Temporary workers have been the most divisive issue. They receive no benefits and earn $9.80 an hour.  According to the UAW, one out of every four jobs at the factory is now a temporary position.  For permanent employees, pay has been capped at $15.80 an hour. Healthcare costs are rising.  Single and spousal health insurance costs $60 per week, and family health insurance costs $110 per week, meaning that workers paid the top wage of $15.80/hour, or roughly $33,000 per year, will see their take-home pay reduced to just $27,000 per year when they purchase family health insurance.  

For veteran workers, the wage cap was instrumental in the decision to unionize.  Alan Amos, a 50-year-old worker, explained:

“I made the choice to join together with others at the plant because I don’t want the next kid who starts at CVG to have to work more than a decade just to be stuck at $15/hour.  Winning this union is life-changing not just for me or my family, but for the next generation of people in Piedmont who will work at this factory and now have a real chance at a decent living.”

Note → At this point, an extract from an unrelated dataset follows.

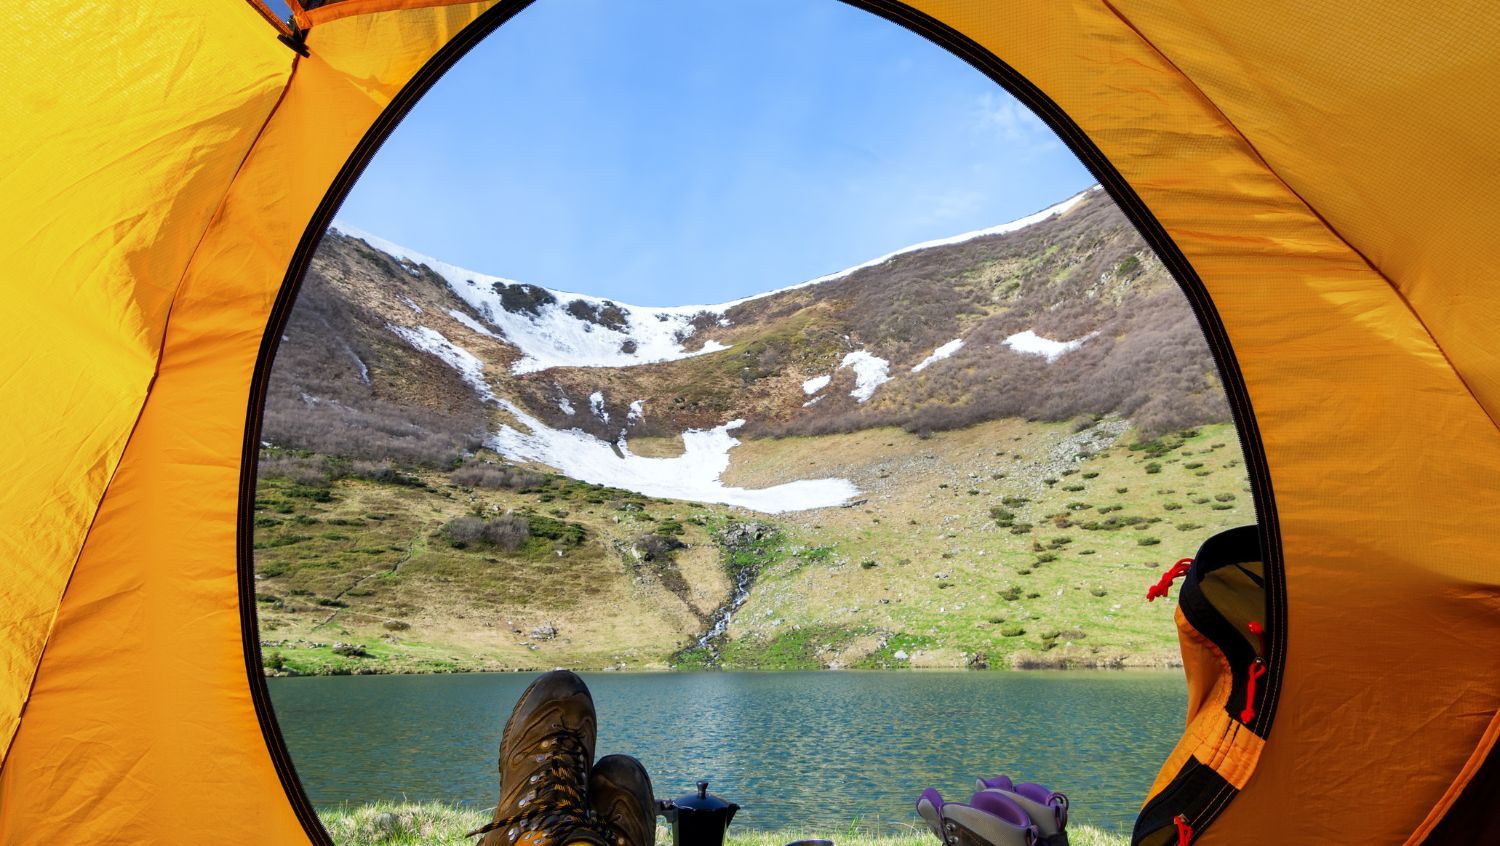 This view of a lake from inside a tent is what awaits you on your first time camping solo
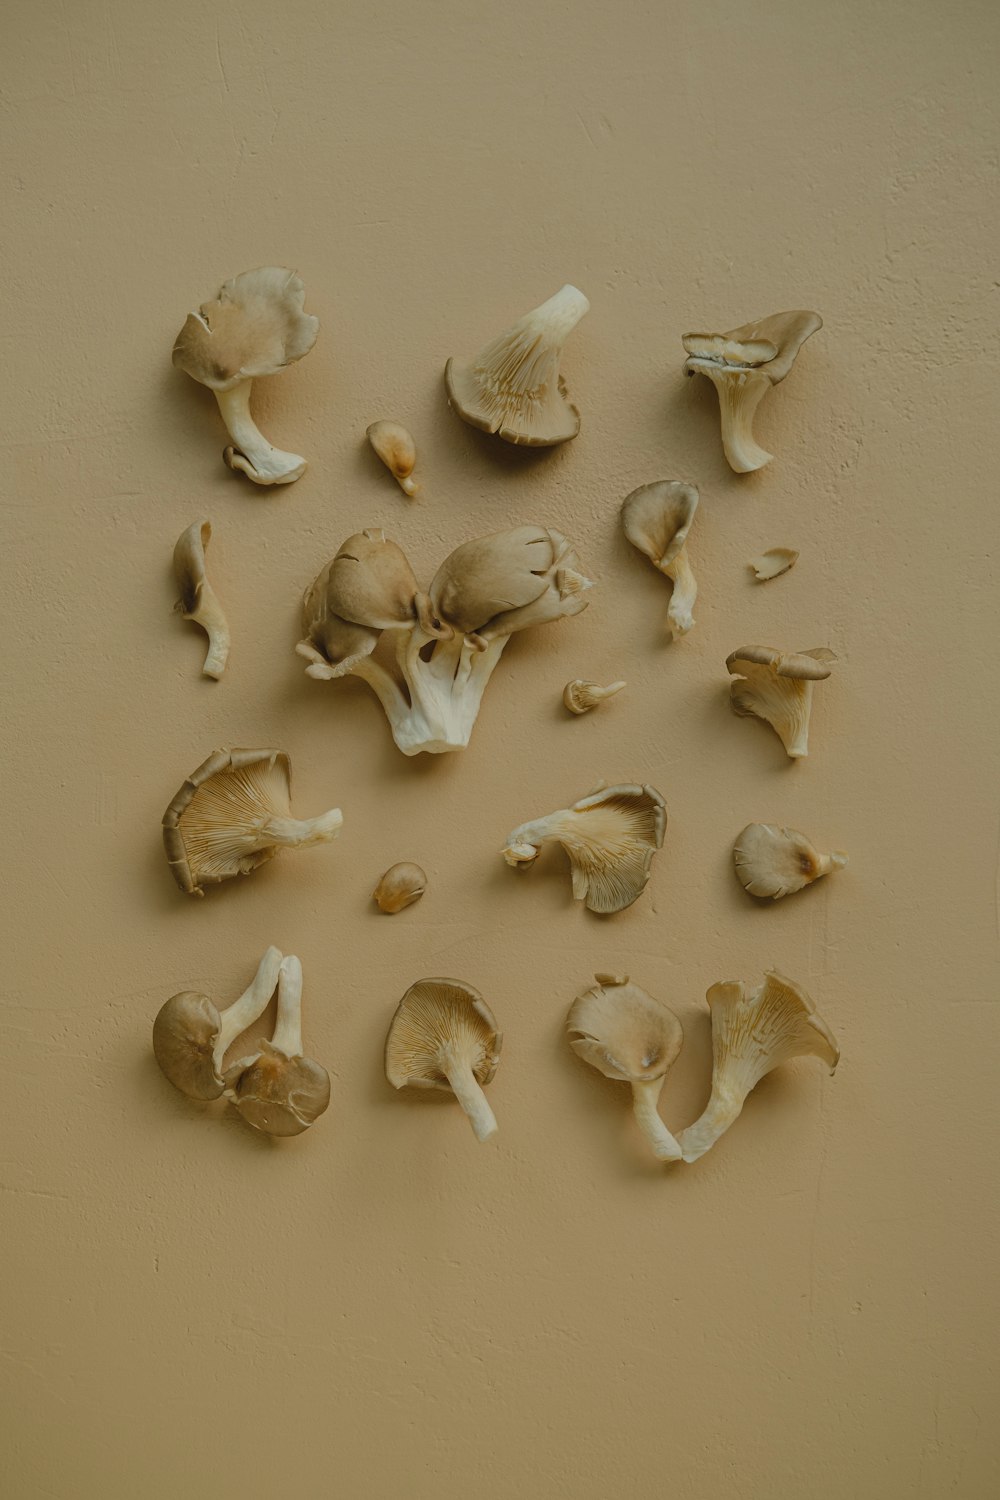 a group of mushrooms on a brown surface

In an op-ed for the Anniston Star, CVG worker Becky Buttram explained the conditions facing workers at the plant:

When we express concern with the lack of air-conditioning and poor ventilation — which every day causes many of us to breathe in hazardous smoke and fumes — we’re told they’ll “look into it.” Or we’re given Popsicles to keep cool.

We don’t need Popsicles. We need good jobs. And we know that winning better jobs is important not just for me and my coworkers, but also for manufacturing workers throughout Alabama who continue to face pay cuts in the face of rising costs of living.

Buttram identifies with the broader struggle of the Southern worker:

A recent report found that 1 out of 4 manufacturing jobs in Alabama now pays less than $23,000 a year. This is below the federal poverty level for a family of four. And more than 1 out of every 10 manufacturing workers in Alabama is now employed by temporary staffing agencies — earning 35 percent less than those hired directly.

The company that operates my plant is a perfect example of how major auto manufacturers are now driving a race to the bottom in Alabama. Working families in Piedmont, across Alabama and throughout the country deserve good jobs that allow them to support themselves and their families. It begins with people like us standing up to demand more, and we won’t stop fighting until we see change.

Daniel B. Cornfield, a labor relations expert at Vanderbilt University, said the vote was significant despite the small size of the factory because it shows that unions are still be viable in the South despite recent losses:

“If the U.A.W. can succeed in organizing a Southern manufacturer, it makes a statement that trade unionism is not necessarily an anathema to Southern work culture.”